▶ RECORDED DATA:
-------

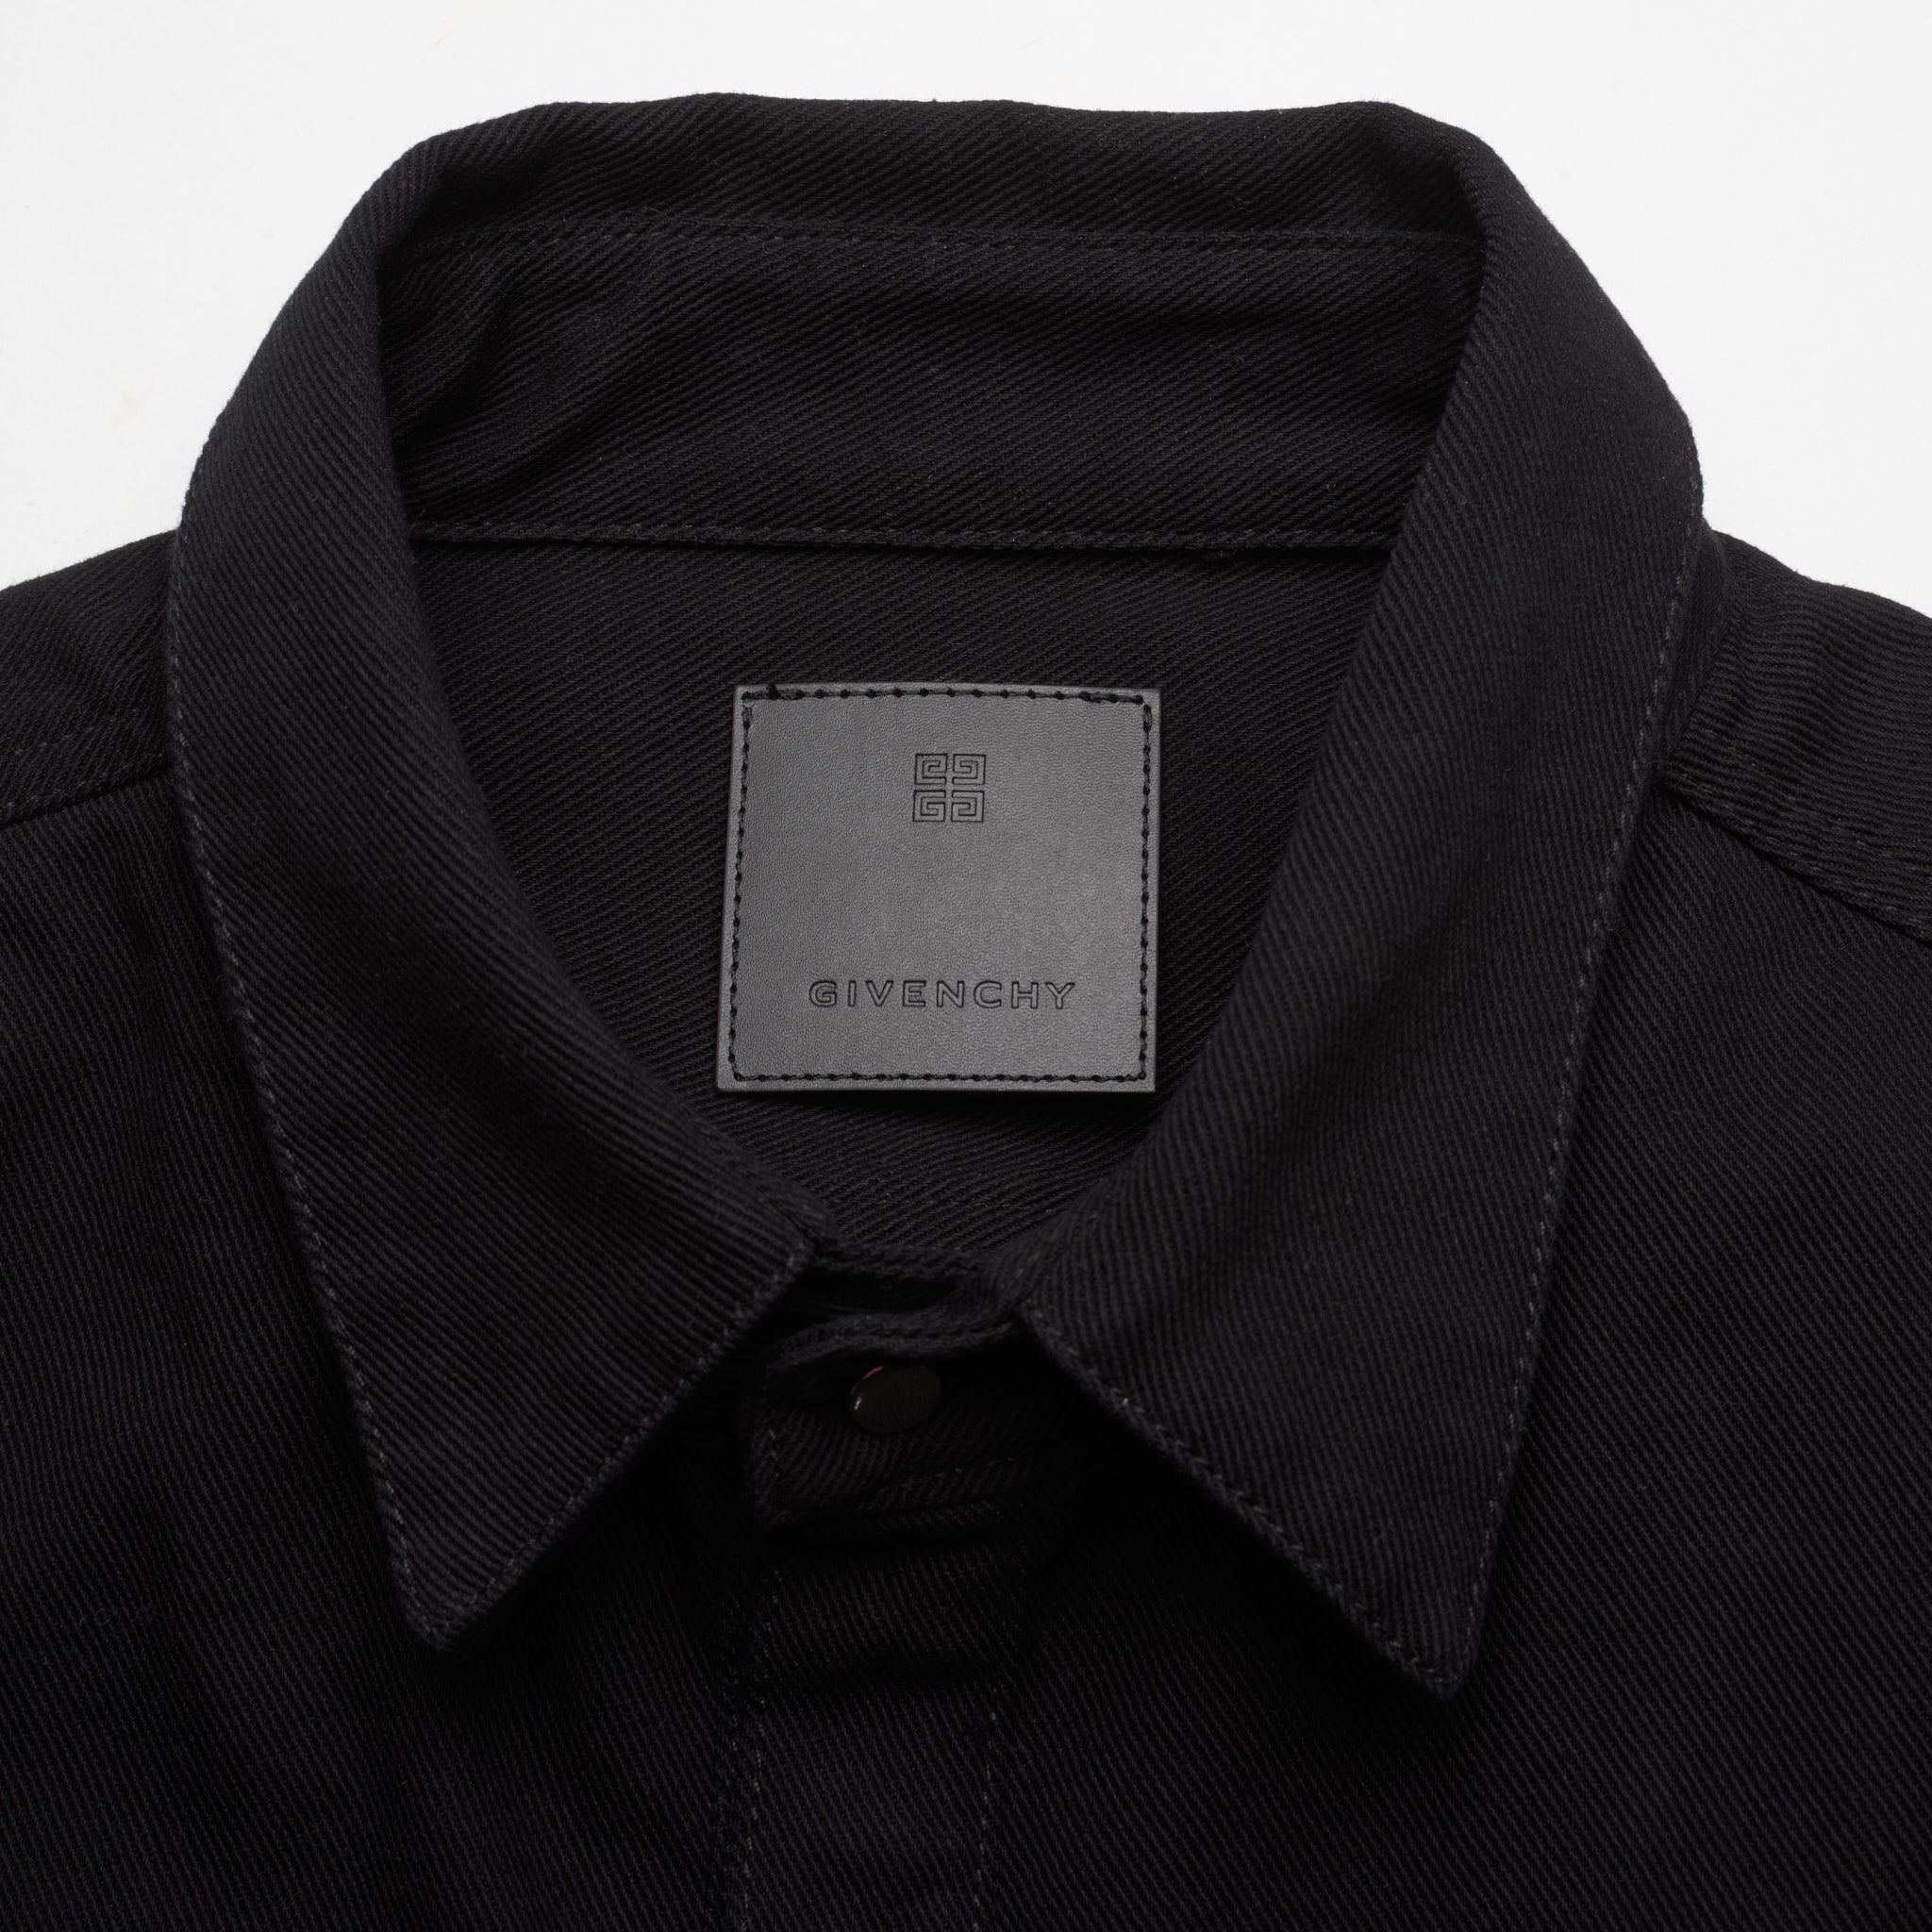 Details more than 50 new look black denim shirt super hot
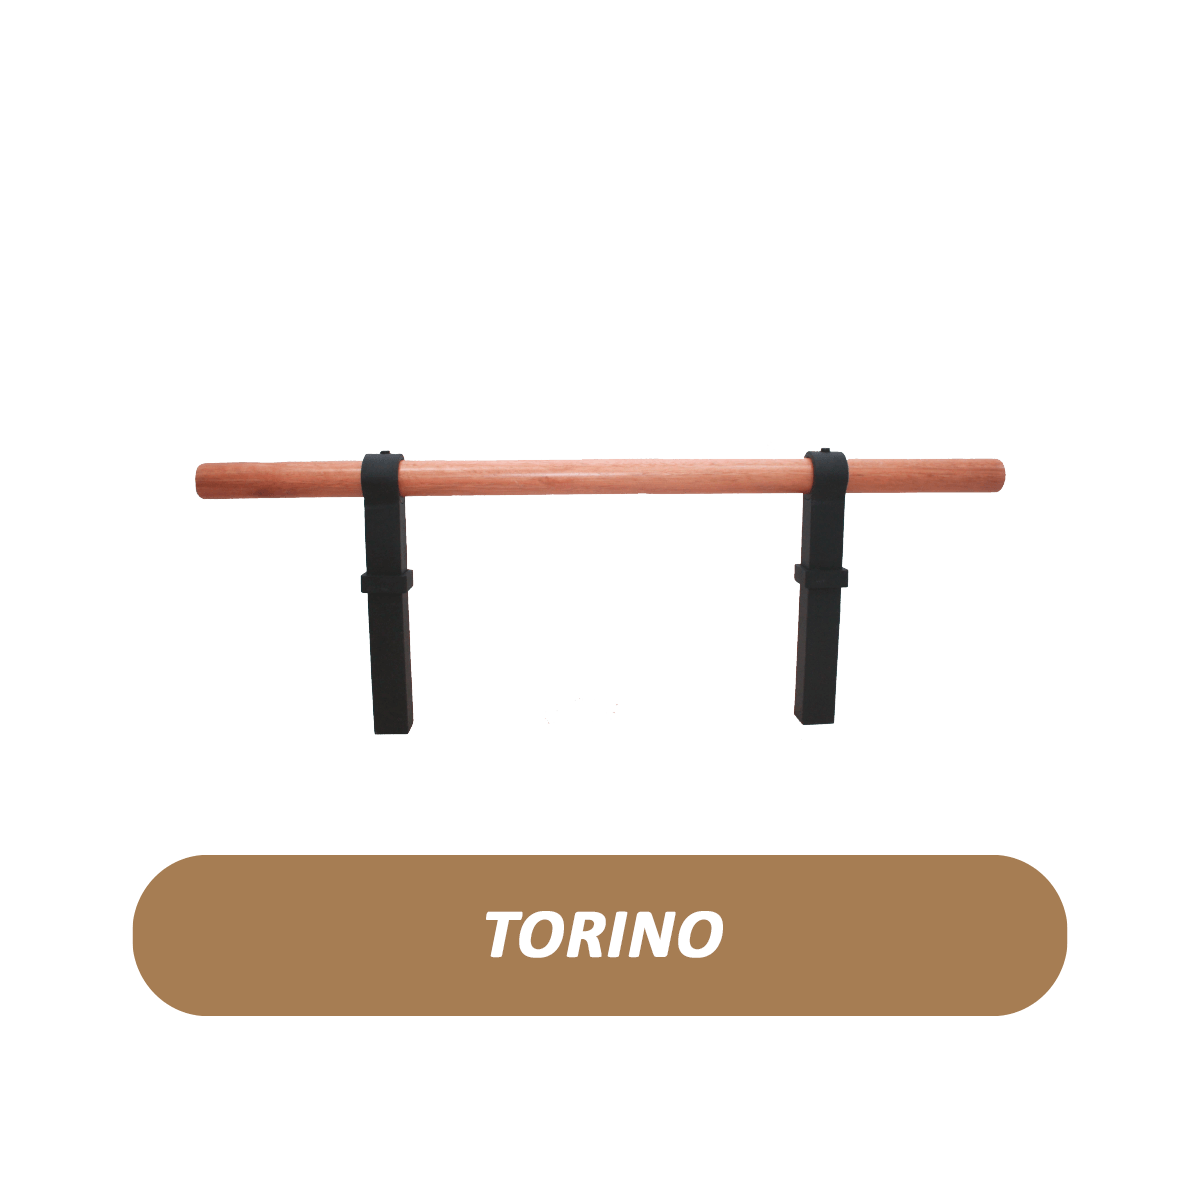 Torino MetaLife
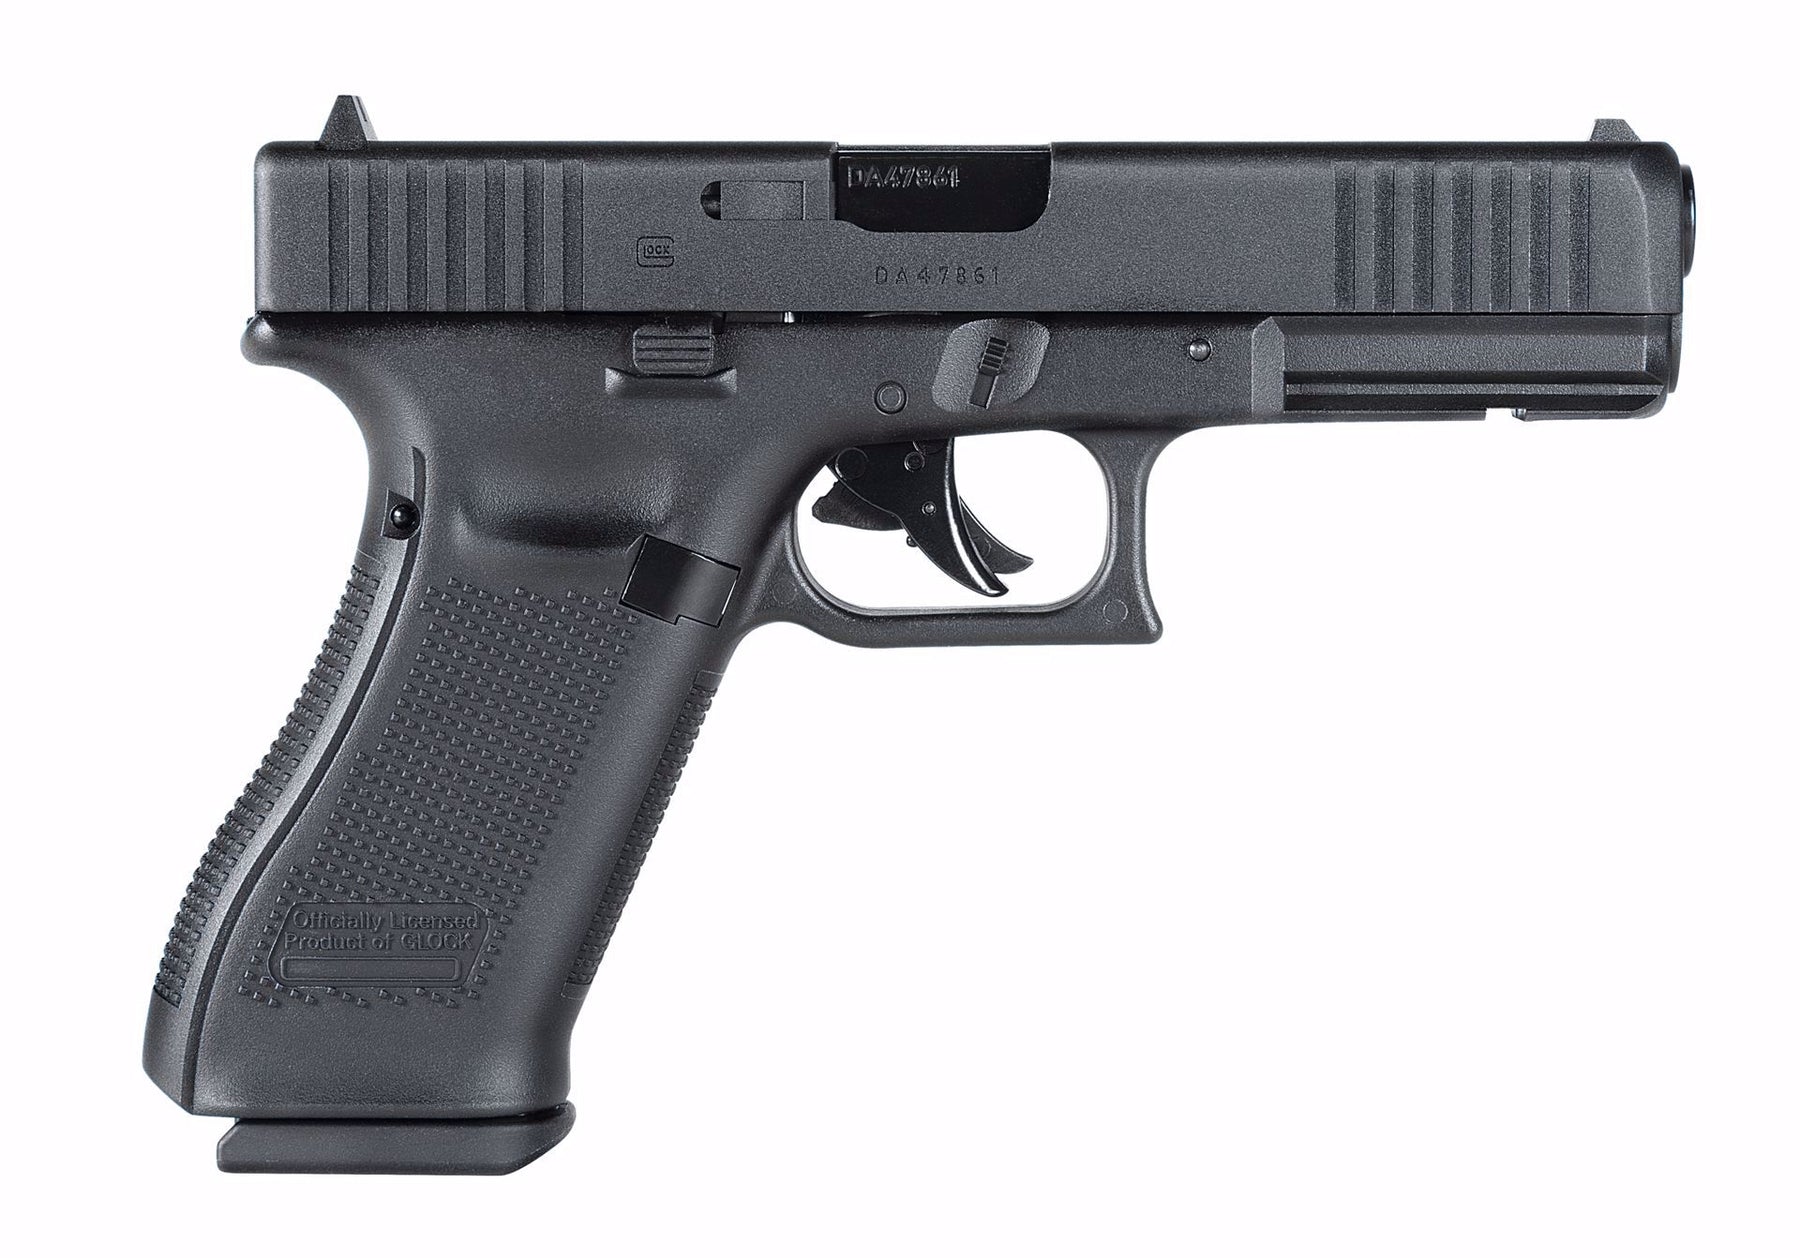 G17 Gen 5 .177 Pellet - Black | Buy Airgun Pellet Pistol

-------

Write out every line above exactly as it is, leaving out the pictures.

▶ OUTPUT:
 Details more than 50 new look black denim shirt super hot
 Torino MetaLife
 G17 Gen 5 .177 Pellet - Black | Buy Airgun Pellet Pistol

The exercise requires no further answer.